▶ What is needed: Required from the data below: the exact lines starting at the line containing "Teşekkürler Bursa! https://t.co/ru1Wzimr6s" and ending at the line containing "KROAK DC 12", with both ends kept and all pictures dropped.

▶ Data:
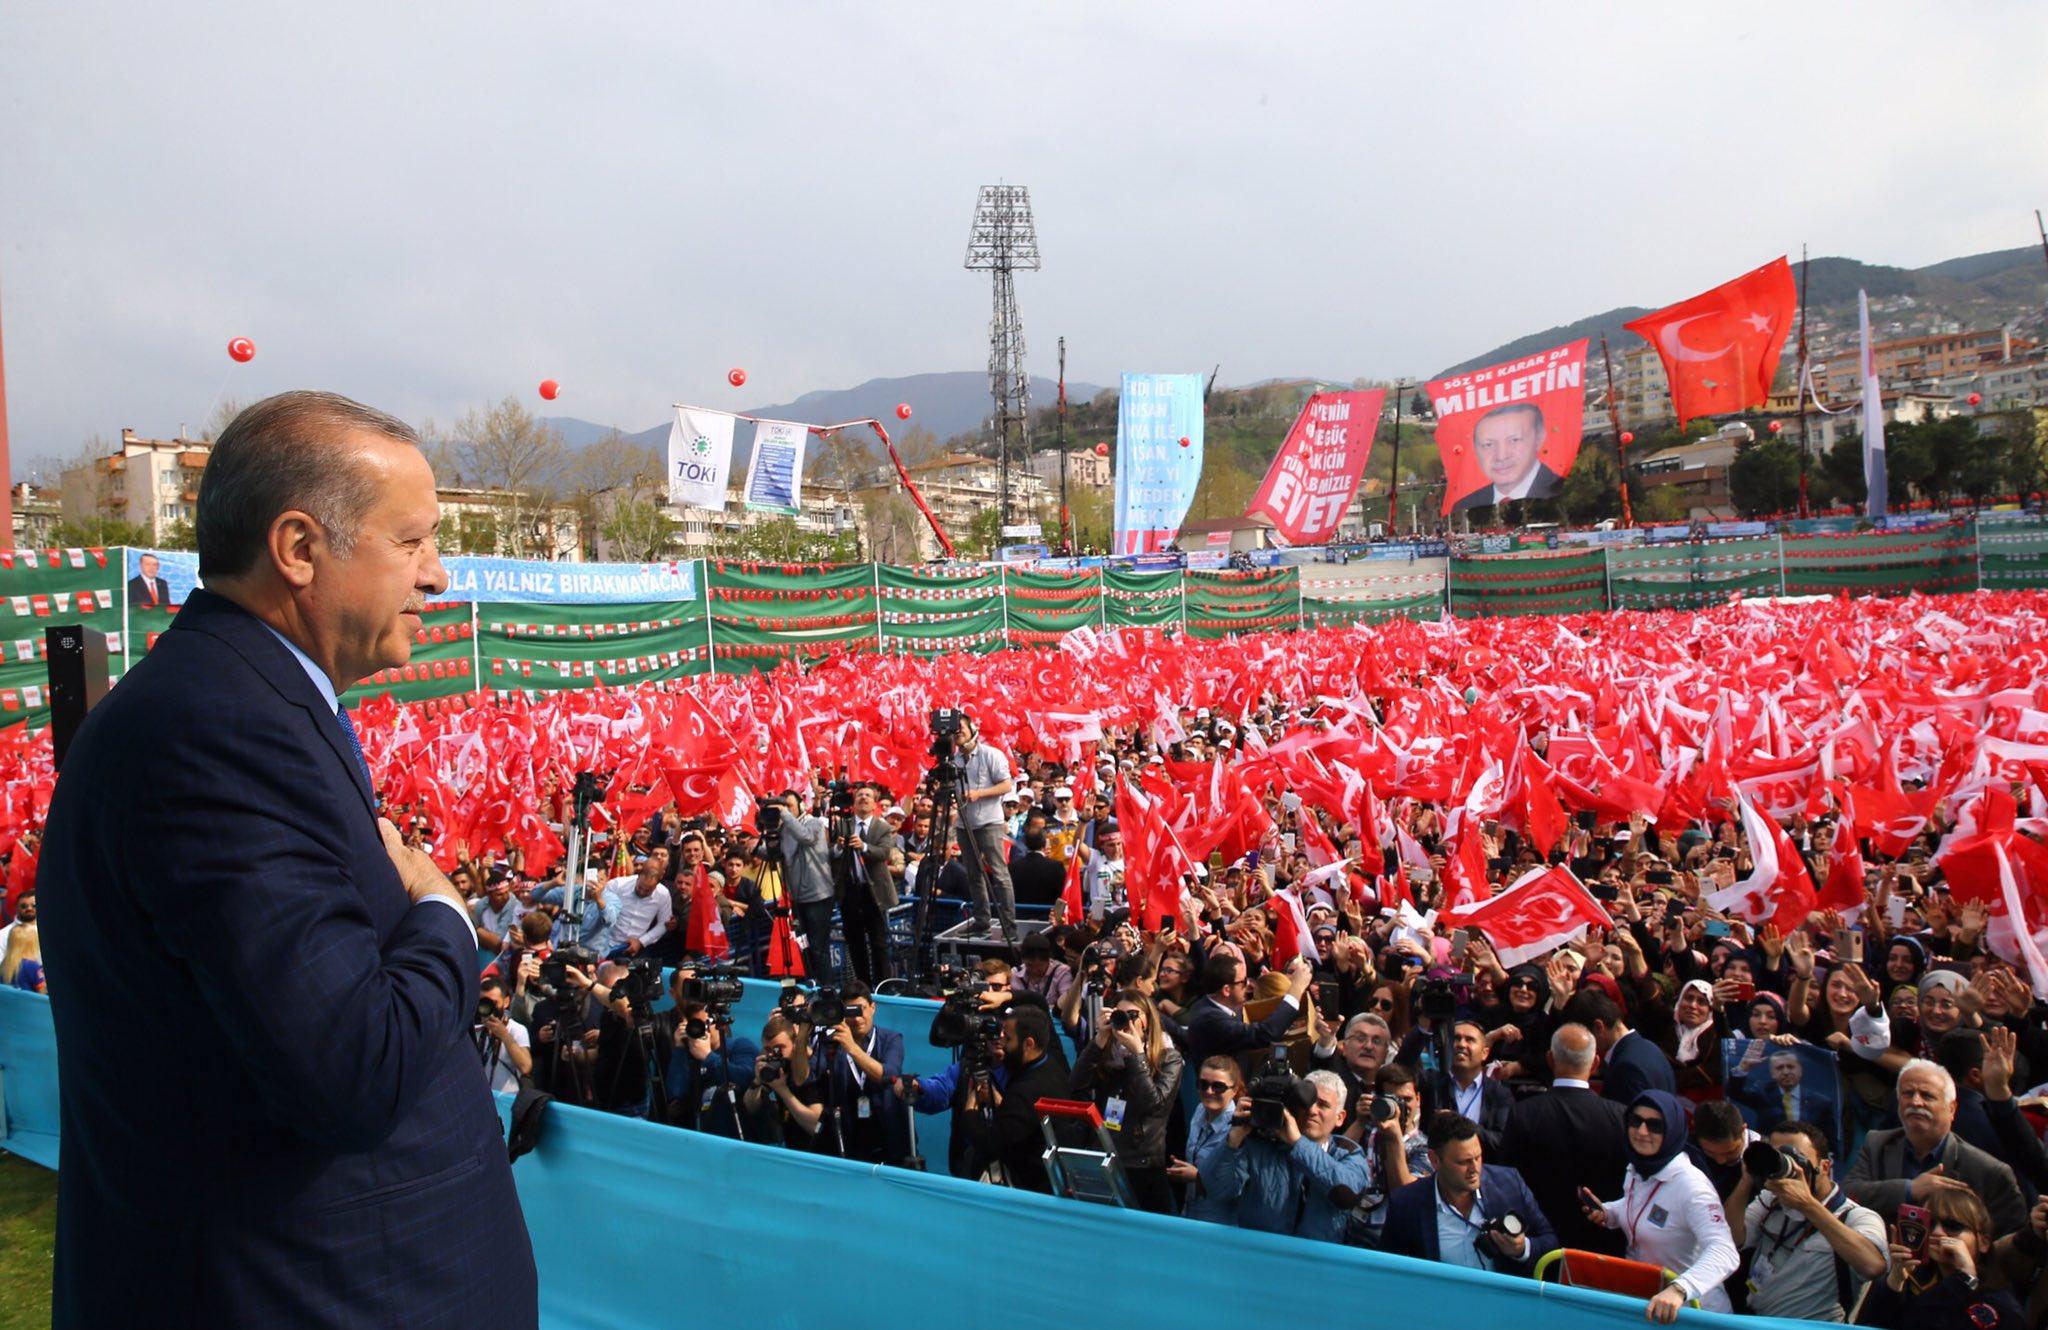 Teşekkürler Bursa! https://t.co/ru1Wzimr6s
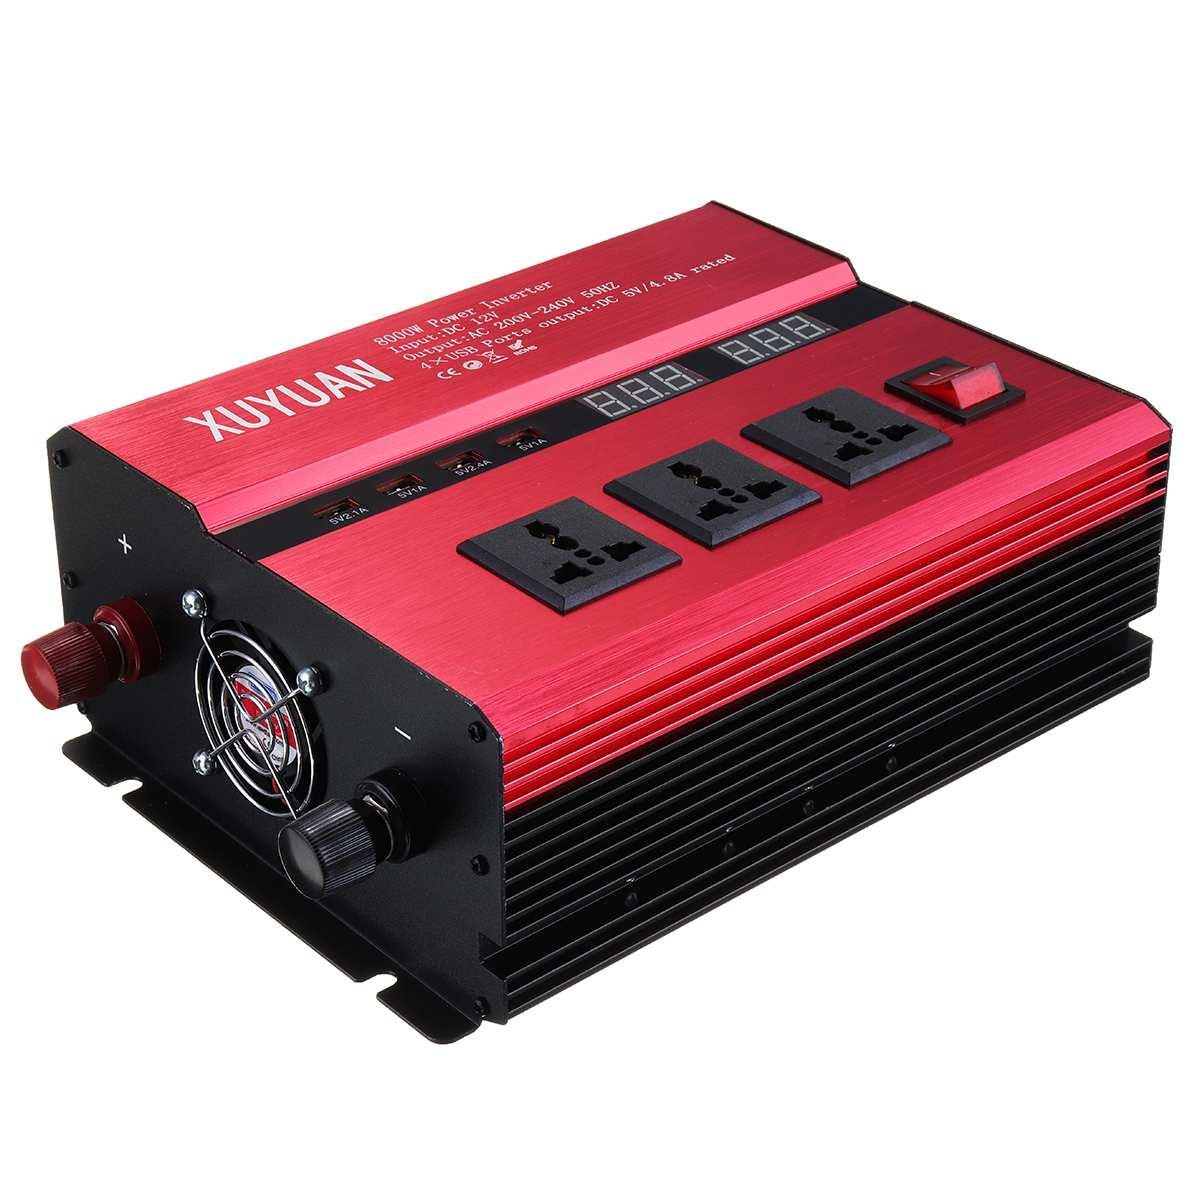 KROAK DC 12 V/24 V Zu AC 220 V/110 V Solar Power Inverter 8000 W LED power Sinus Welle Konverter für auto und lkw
---
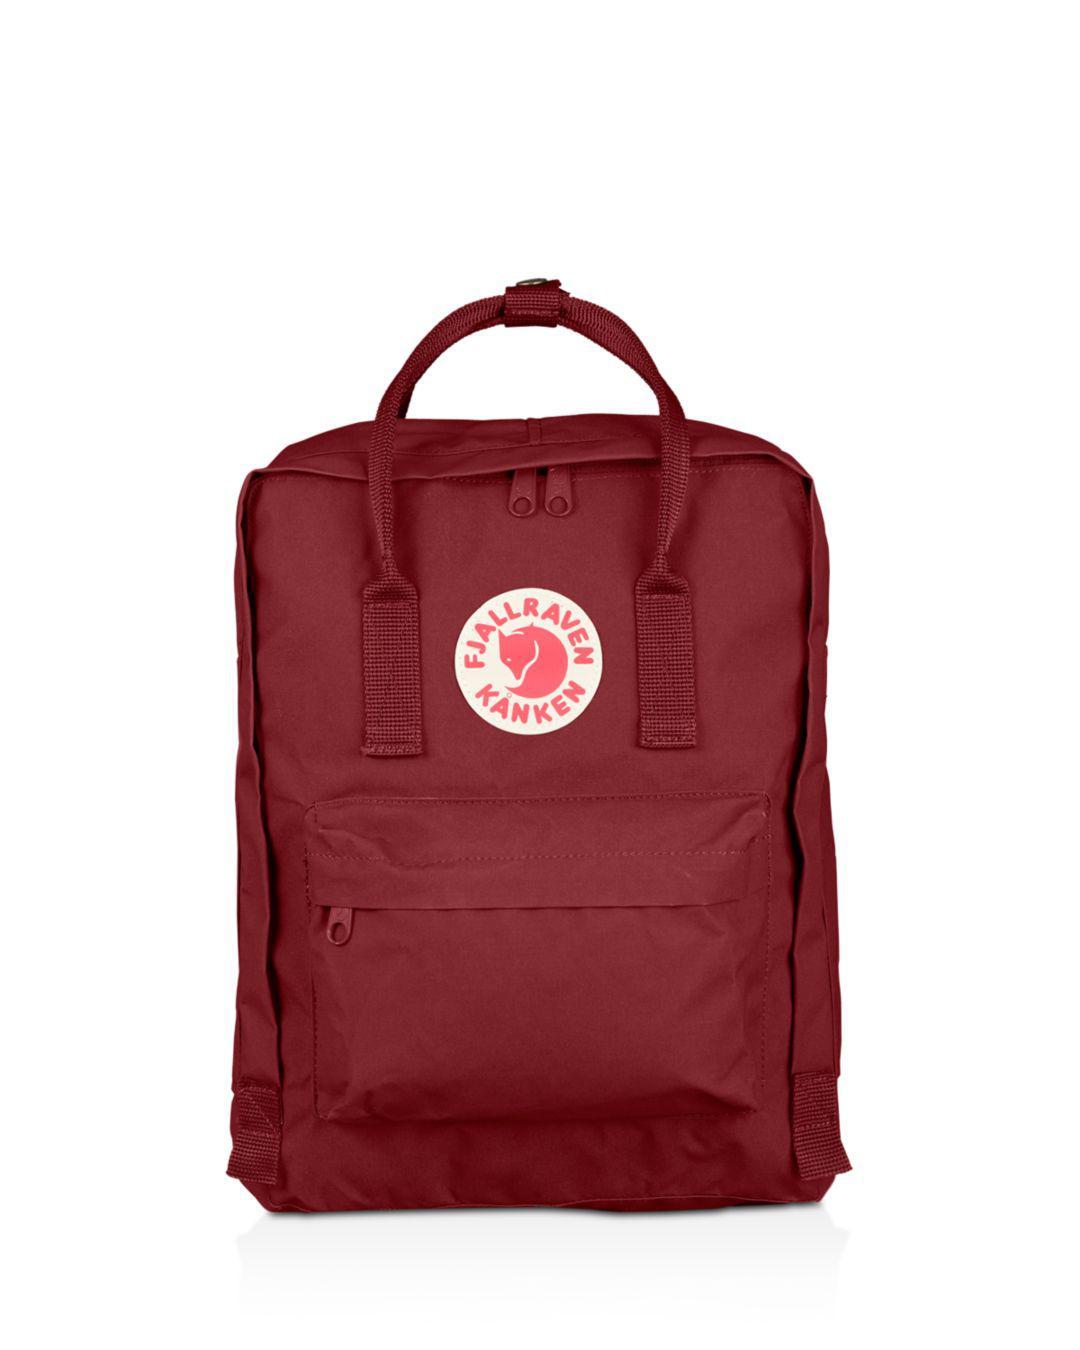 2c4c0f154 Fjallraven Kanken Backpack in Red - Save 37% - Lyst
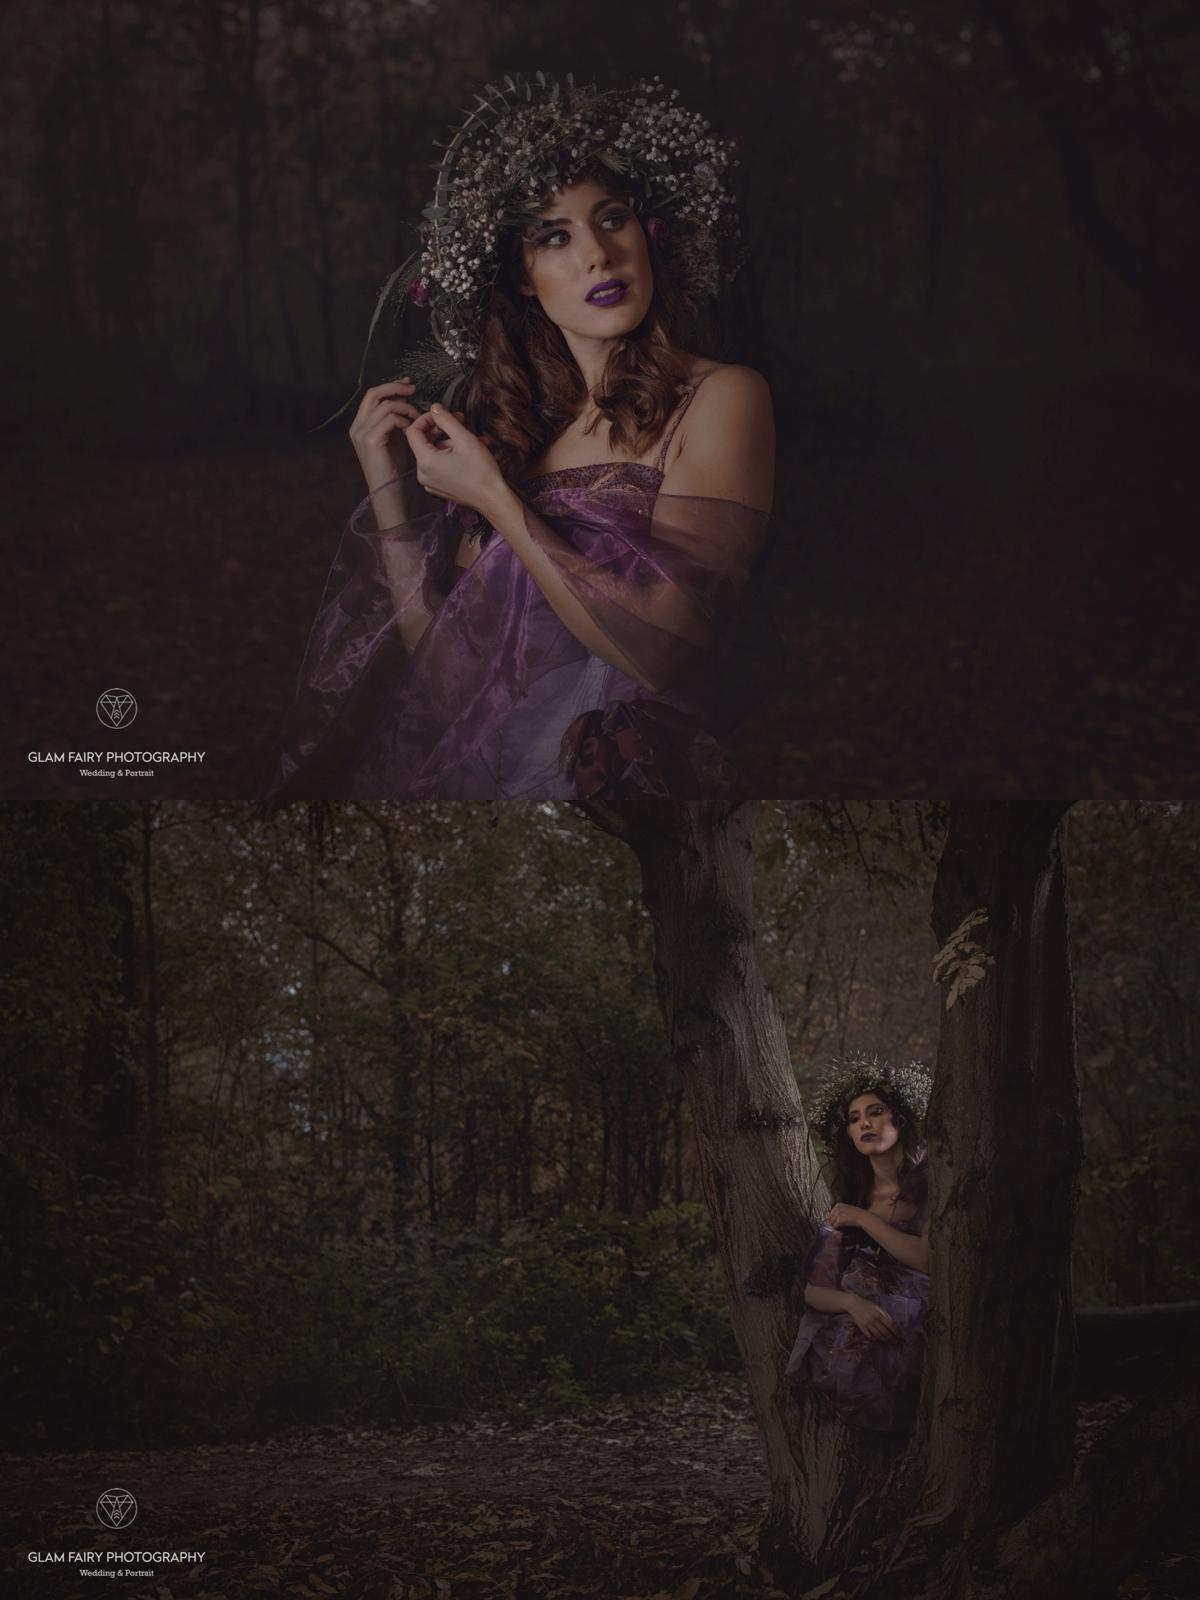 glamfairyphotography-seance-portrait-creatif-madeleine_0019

▶ Task output:
 Teşekkürler Bursa! https://t.co/ru1Wzimr6s
 KROAK DC 12 V/24 V Zu AC 220 V/110 V Solar Power Inverter 8000 W LED power Sinus Welle Konverter für auto und lkw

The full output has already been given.